Return the listing exactly. Keep no pictures.

## Dataset extract

┌──

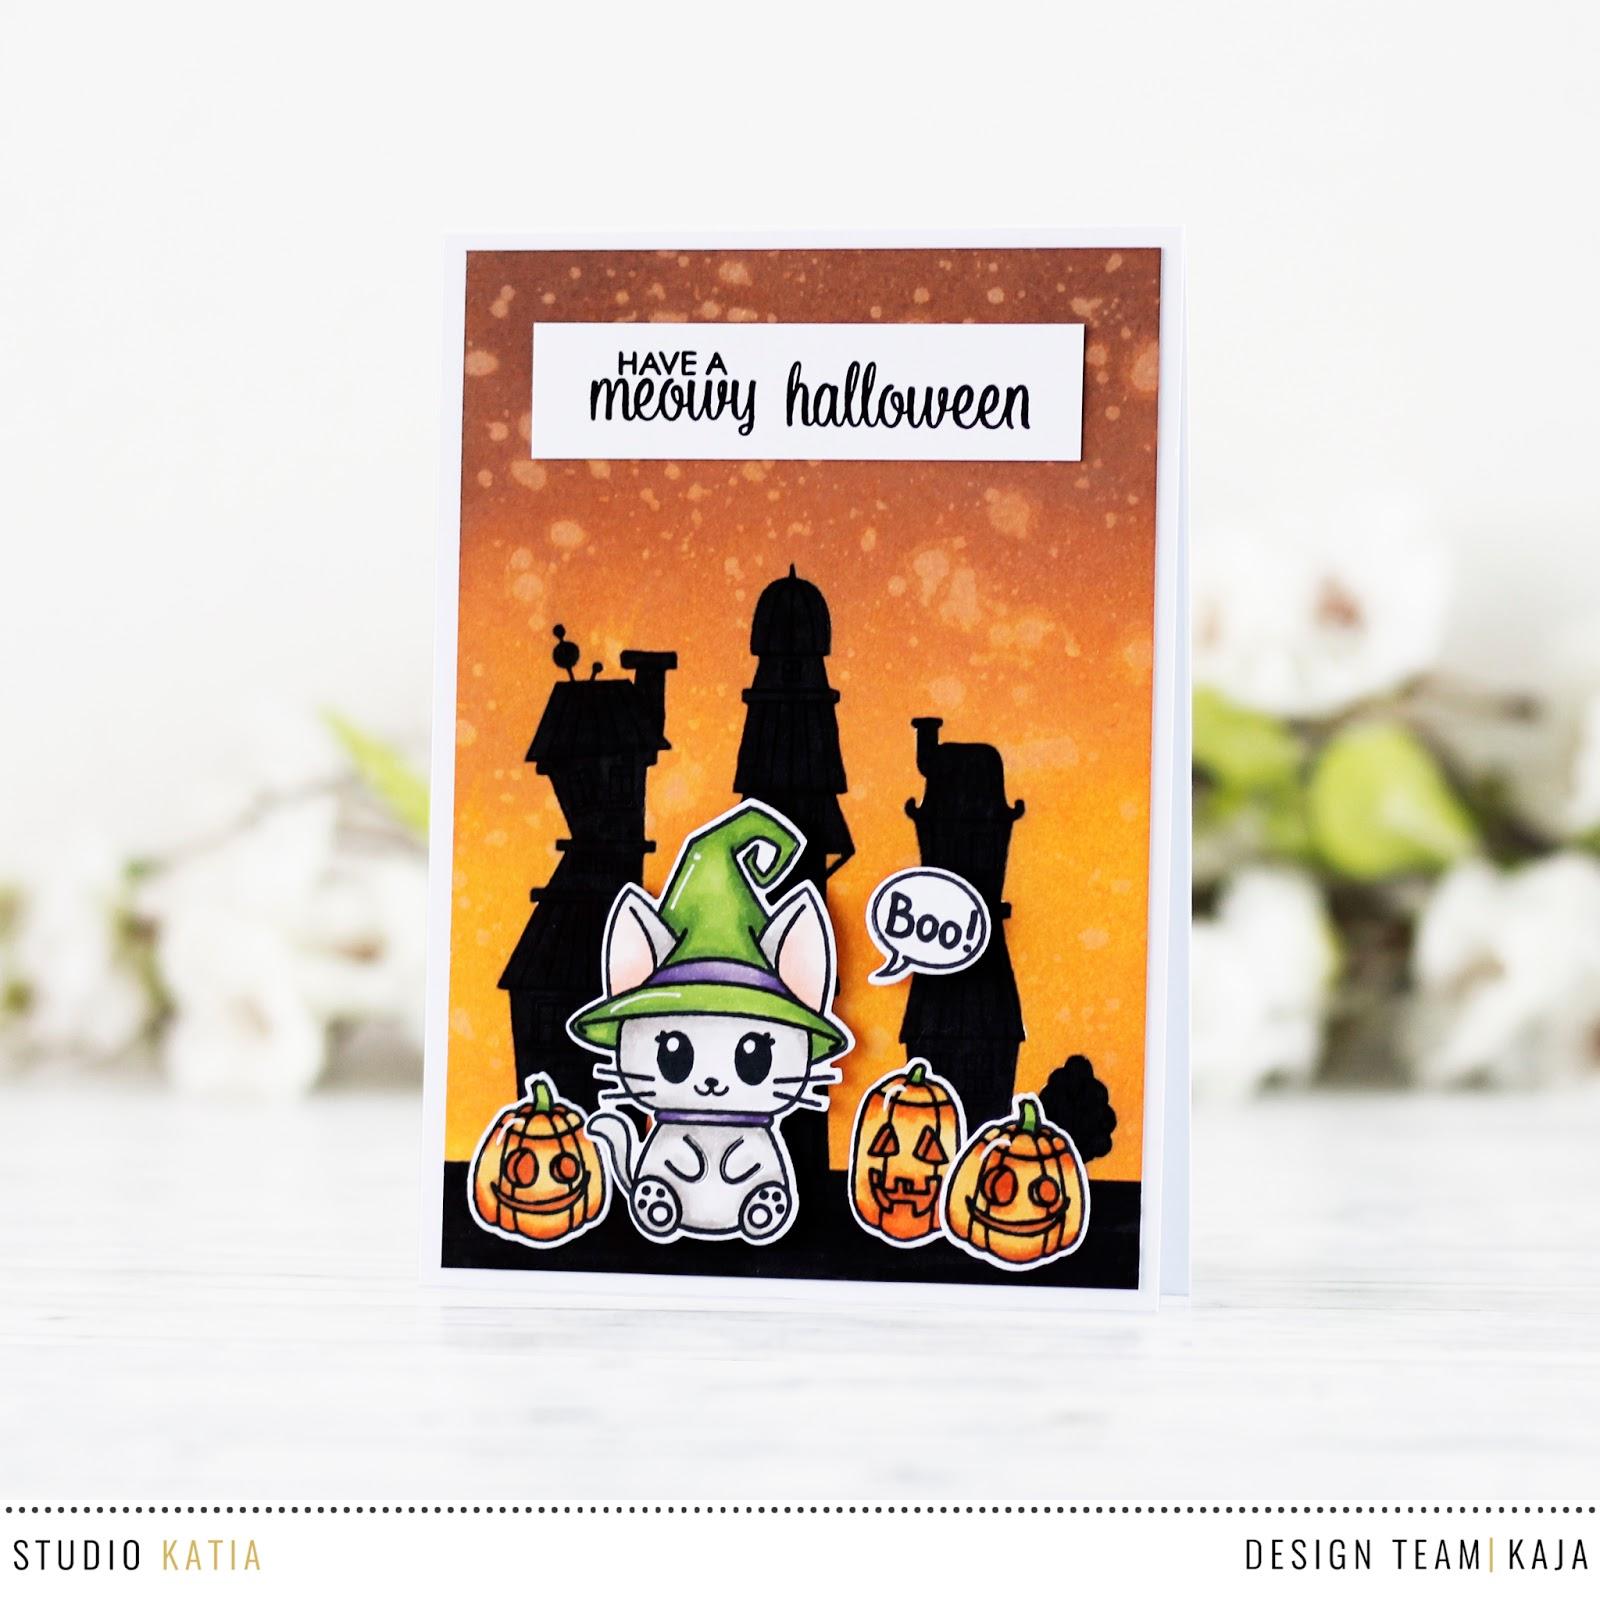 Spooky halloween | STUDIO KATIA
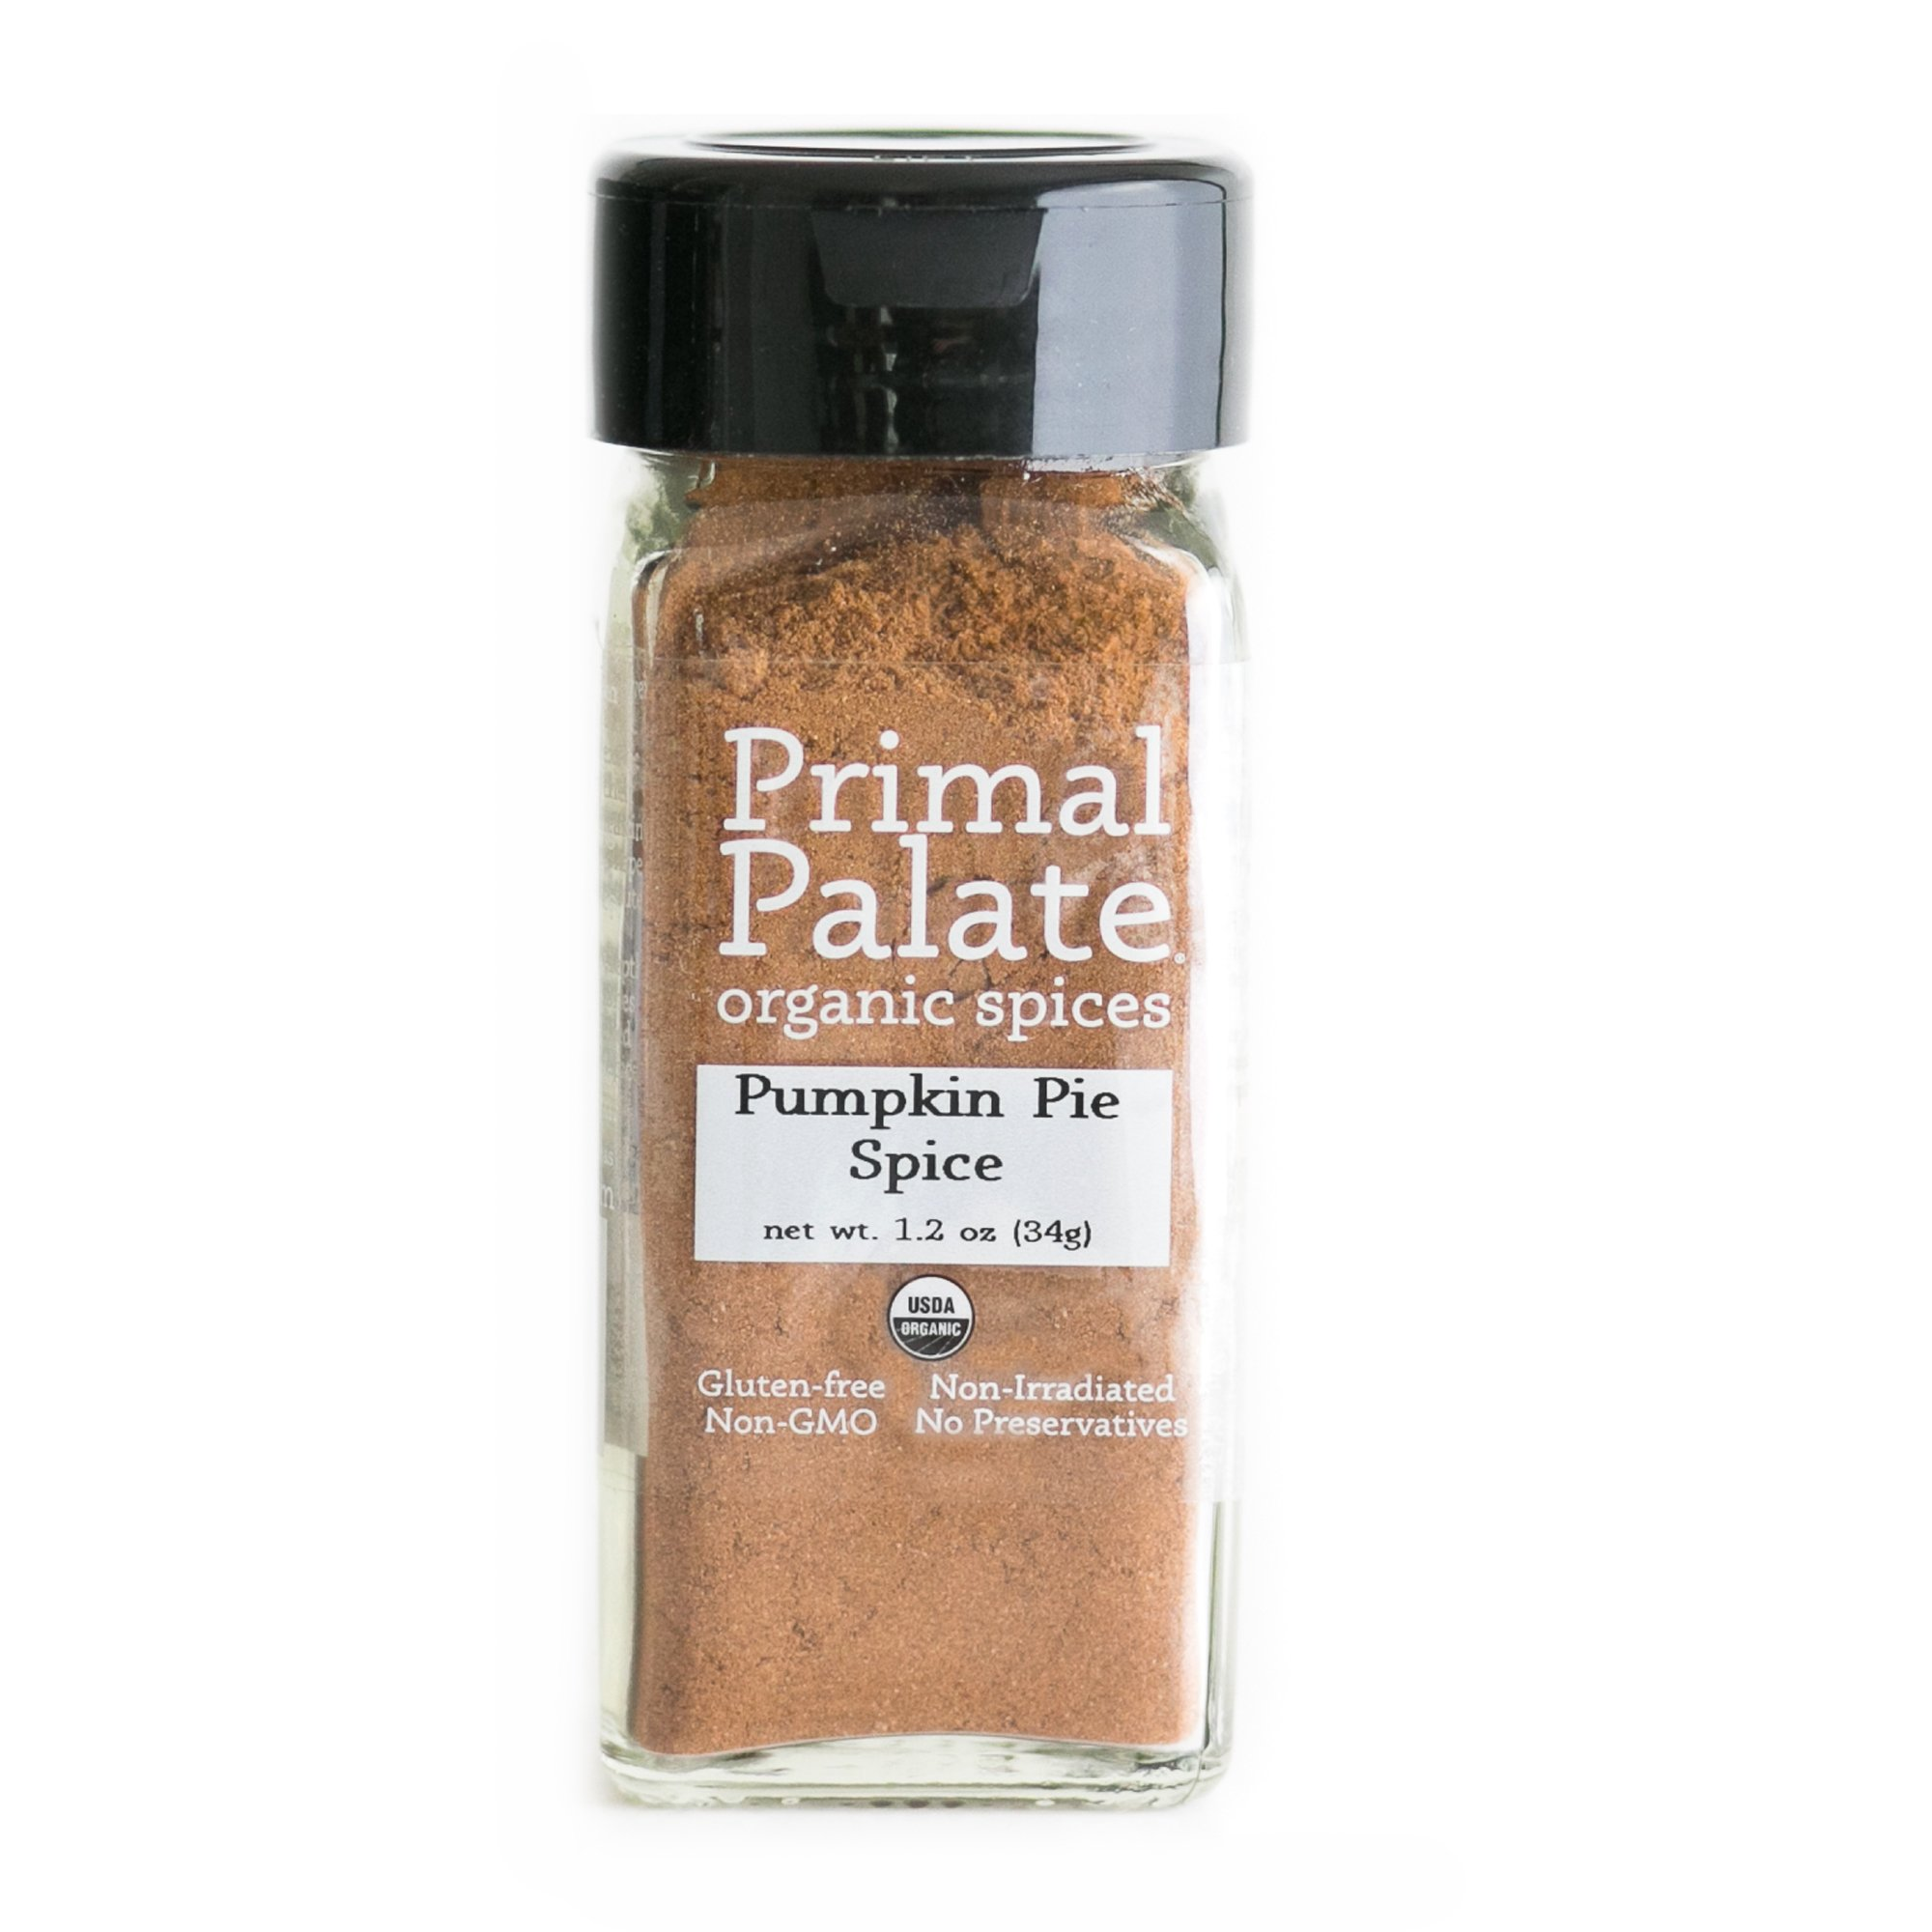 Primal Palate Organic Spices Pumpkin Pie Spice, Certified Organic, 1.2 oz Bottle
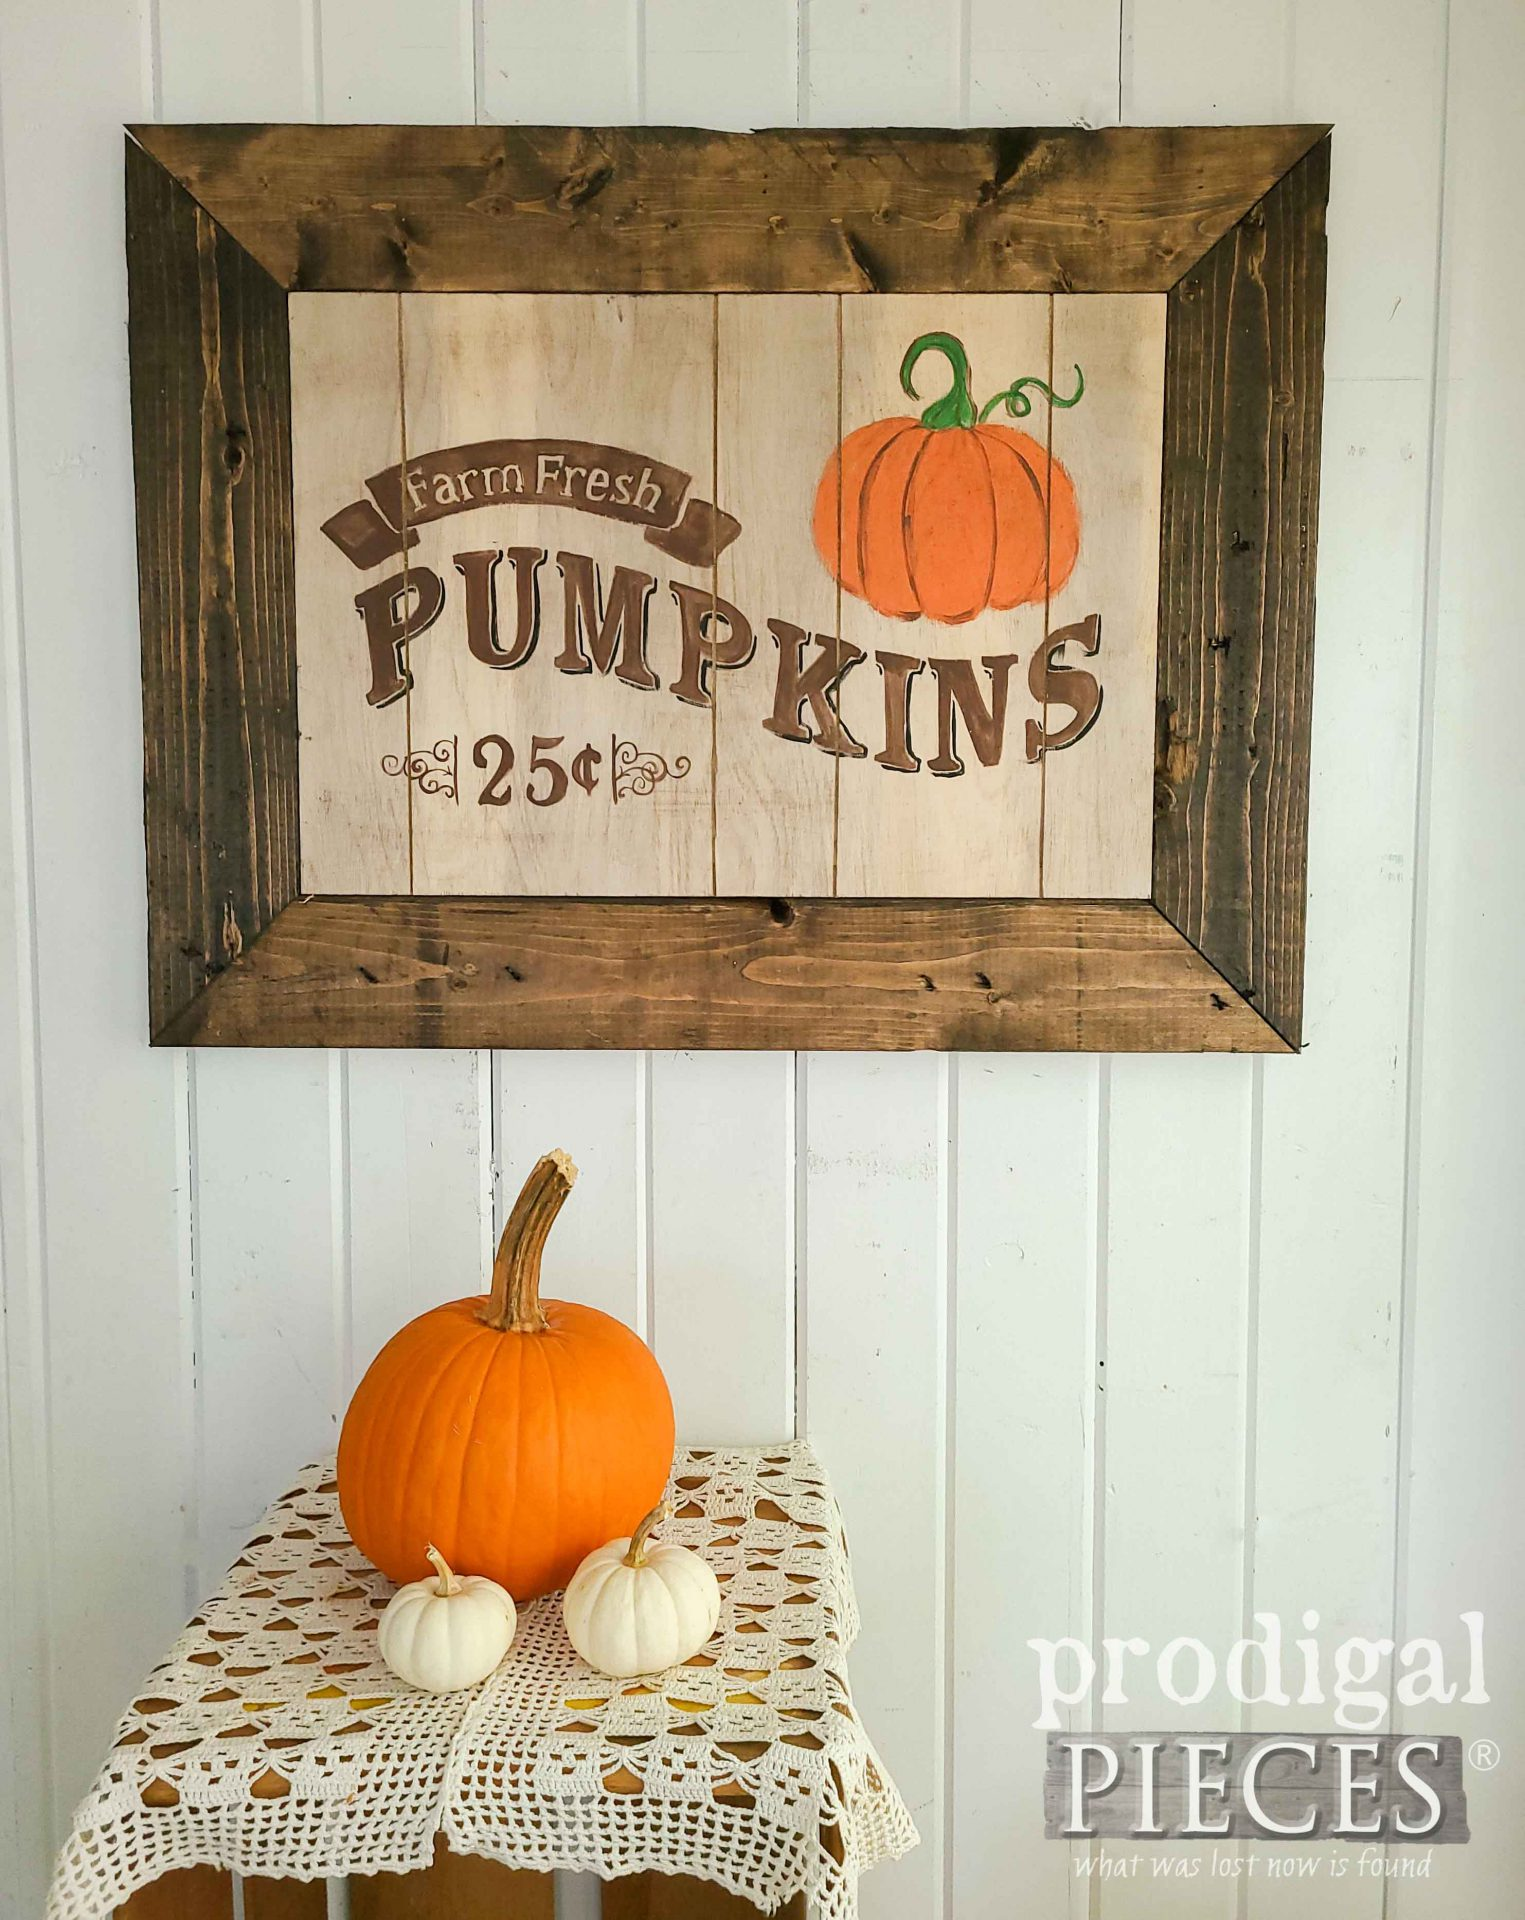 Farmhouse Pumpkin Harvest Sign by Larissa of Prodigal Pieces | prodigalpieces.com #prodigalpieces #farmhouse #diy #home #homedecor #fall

└──

## Written response
 Spooky halloween | STUDIO KATIA
 Primal Palate Organic Spices Pumpkin Pie Spice, Certified Organic, 1.2 oz Bottle
 Farmhouse Pumpkin Harvest Sign by Larissa of Prodigal Pieces | prodigalpieces.com #prodigalpieces #farmhouse #diy #home #homedecor #fall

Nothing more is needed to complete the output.